Surfer and climber Jeff Johnson is a not-well-known guy from California who is enthralled by the story of a very-well-known guy, Yvon Chouinard, the founder of Patagonia, the outdoor apparel company. Chouinard is a legend among rock climbers—he participated in some famous climbs in Yosemite and the Canadian Rockies in the 1960s, and with his blacksmithing know-how (and since he had no money), he made his own climbing tools and gear, which is how he started his business. Johnson unearths some footage of an adventure that Chouinard and his cohort Doug Tomkins took in 1968, involving mountain climbing and surfing to Chilean Patagonia. Johnson decides to re-create their trip. He goes to Mexico to join the crew of a ship headed toward Patagonia, and at some point they lose their mast and have to get it repaired. Johnson meets a woman who lives out in nature and is also a surfer, and presumably he spends a bunch of time banging her (unaddressed by this movie). She joins his adventure. Also, it turns out that Johnson is friends with Chouinard and Tomkins, and Chouinard and Tomkins have spent their lives working to buy up land in Chilean Patagonia and have already conserved an amount of land bigger than Yosemite, and later on in the movie they all go on a climb together.

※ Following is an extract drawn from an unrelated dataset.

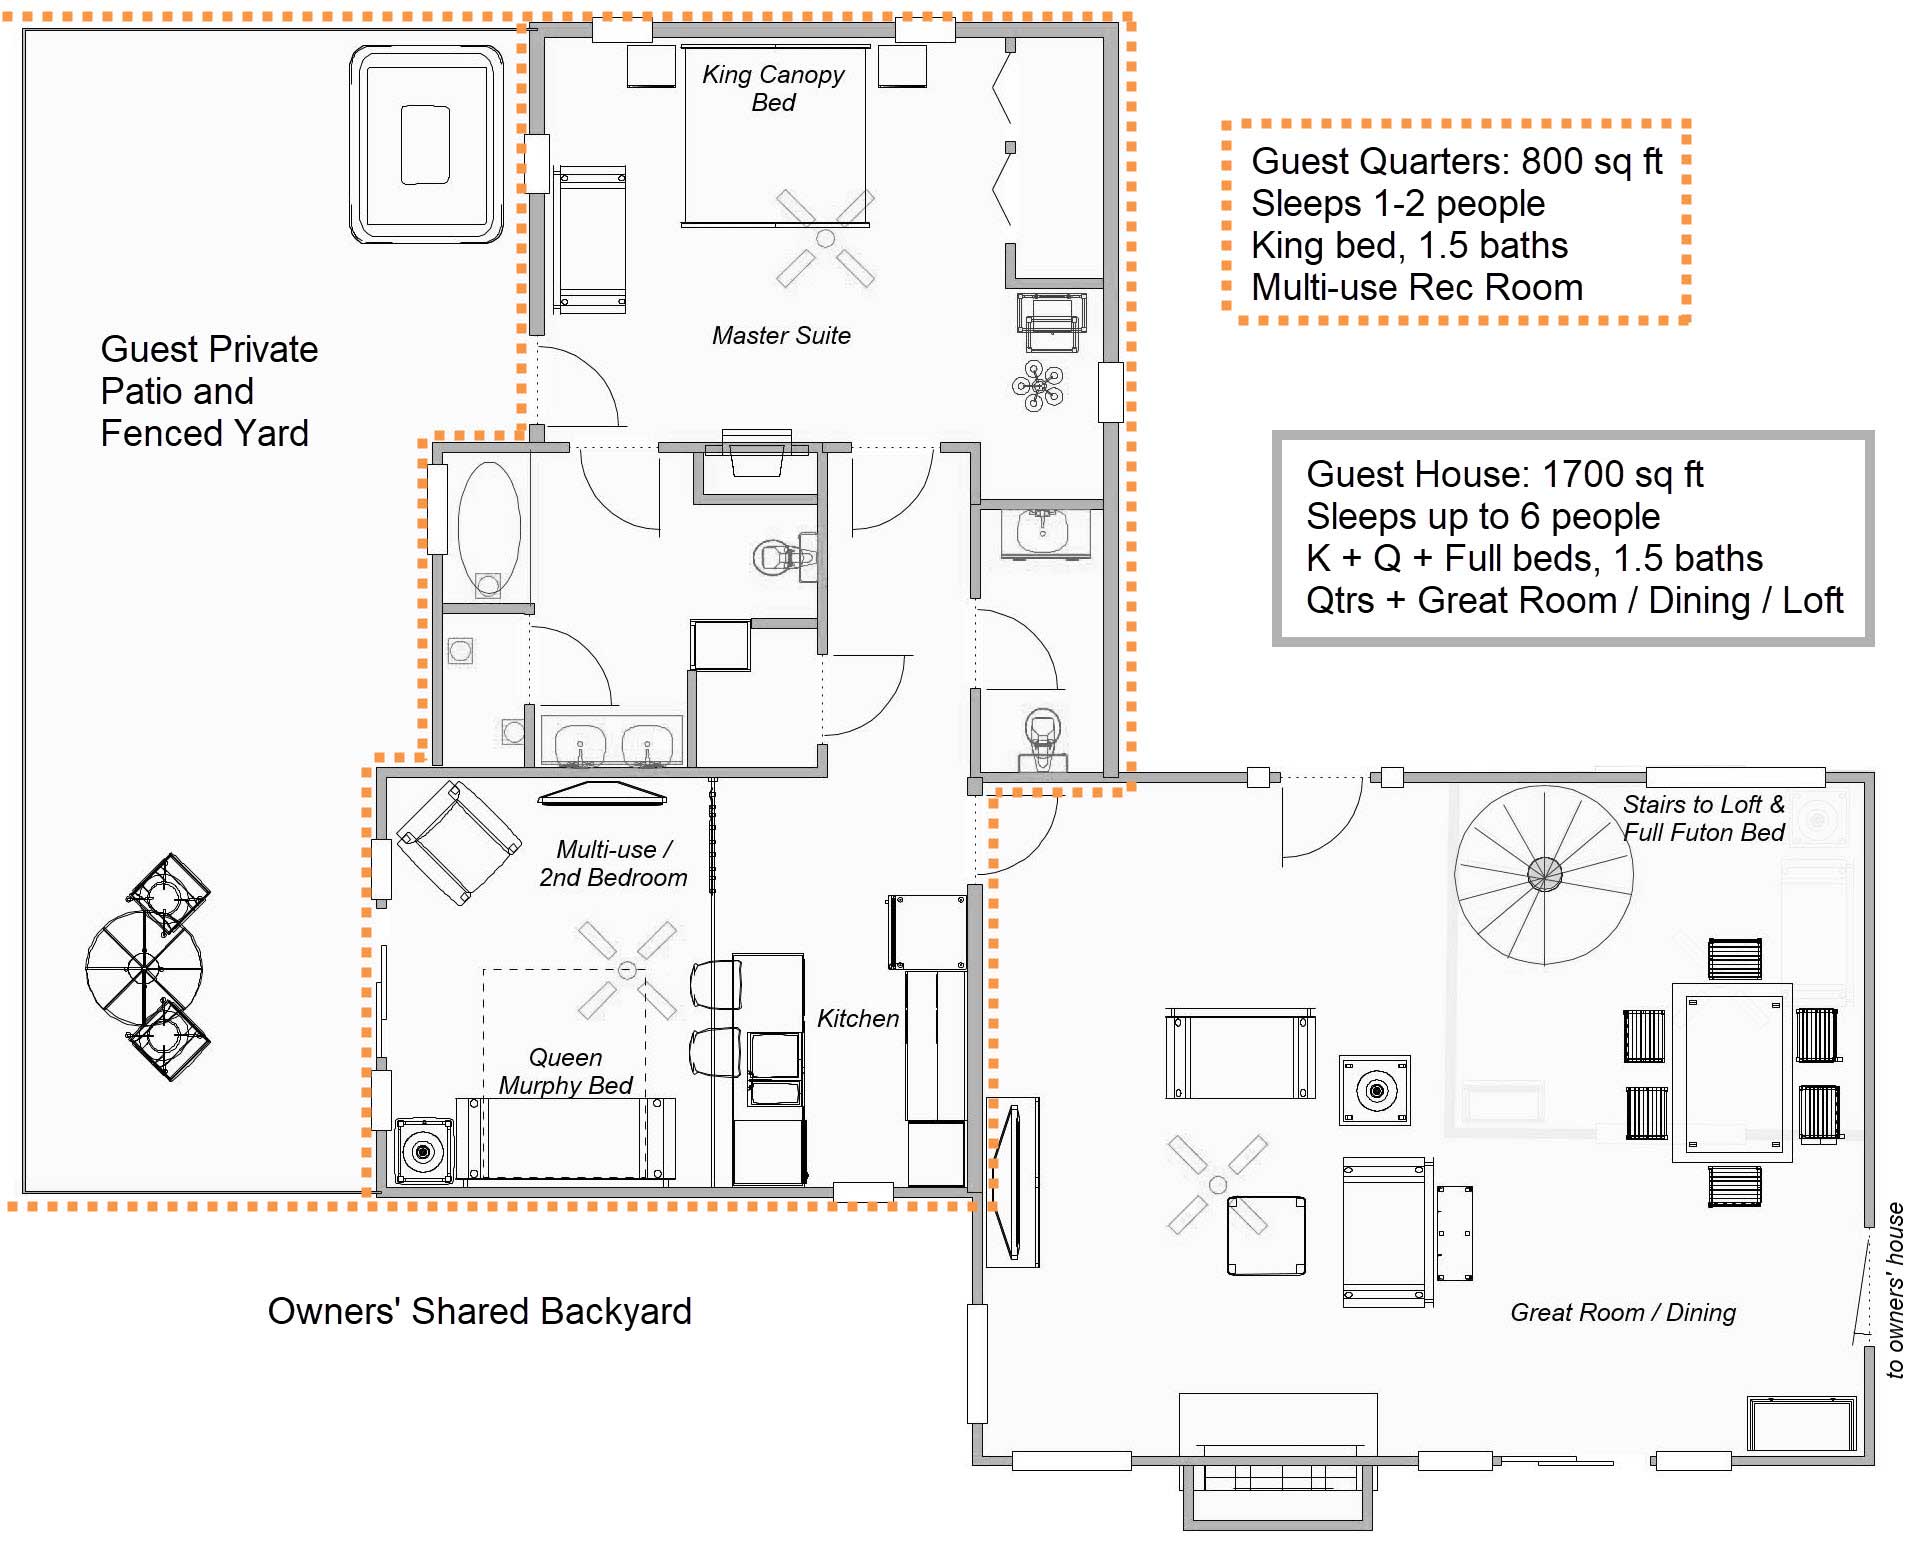 Guest house layout of rooms and furniture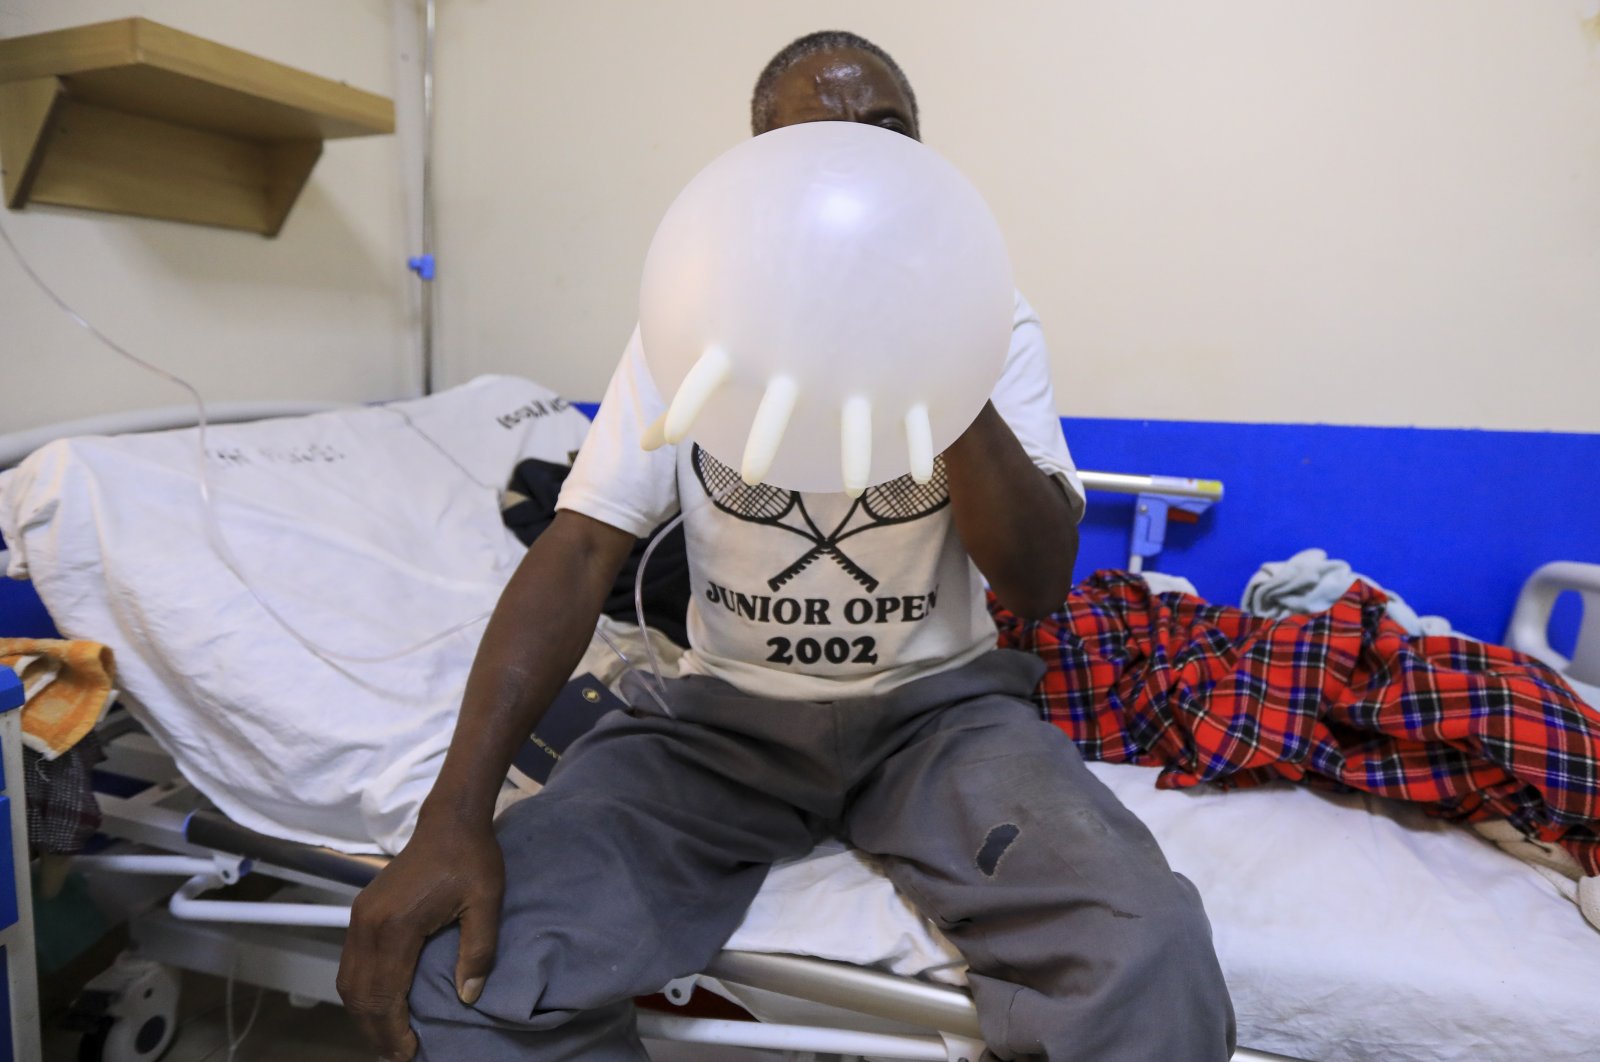 A COVID-19 patient inflates a balloon to exercise his lungs while inside an Intensive Care Unit (ICU) at the Machakos Level 5 hospital in Machakos, Kenya, Aug. 26, 2021. (EPA Photo)

Johnson’s “adventure” is the “story” that is supposed to make the story of Chouinard and what he has done in Chilean Patagonia come alive, but the adventure really just consists of some breathtaking images of nature and a whole lot of breathtakingly shopworn attempts at meaning. “These people have shown me that if you love a place, you have a duty to protect it. And to love a place, you have to know it first,” someone says, as if it’s never occurred to you that you can’t very deeply love a place you don’t know. Also, seeing a place mined of natural resources makes you think about consumerism (“I’m thinking of my own use of resources”). Also, nature is fragile “and we can no longer take it for granted.” Also, plopping a factory down in the middle of a bunch of wildlife is bad for wildlife. Also, the joy is in the journey. Also, sometimes in life you have to stop, take a 180-degree turn, and walk in the opposite direction (there is quite a long conversation about this).
In closing, two nice things: I enjoyed the music the filmmakers chose even if I didn’t understand its relevance to Chilean Patagonia (lots of Modest Mouse, some M. Ward, some Andrew Bird), and much of the scenery is gorgeous—surfers slicing through high green waves, a rock covered in penguins on a beach in Chile, silhouetted climbers against a silhouetted ridge, hella dolphins.

This review absolutely cheapens the important message (s) of the film. It is sad that the reviewer is too cynical or arrogant to appreciate them because they are not expressed as academically/intelligently/poetically as he/she would like. Every person in this film truly cares about the full-scale destruction of the planet through gross consumerism and infatuation with so-called modernity. Yes, Johnson sets out perhaps rather naively looking for adventure, but he is tougher and more real than most people you’ll meet sitting in a coffee shop reading the Stranger. He recognizes how superficial his intentions were, and is truly transformed by his experience. He understands the monumental effort of Conservacion Patagonica and SinRepresas, unlike this reviewer. The film is a MUST see.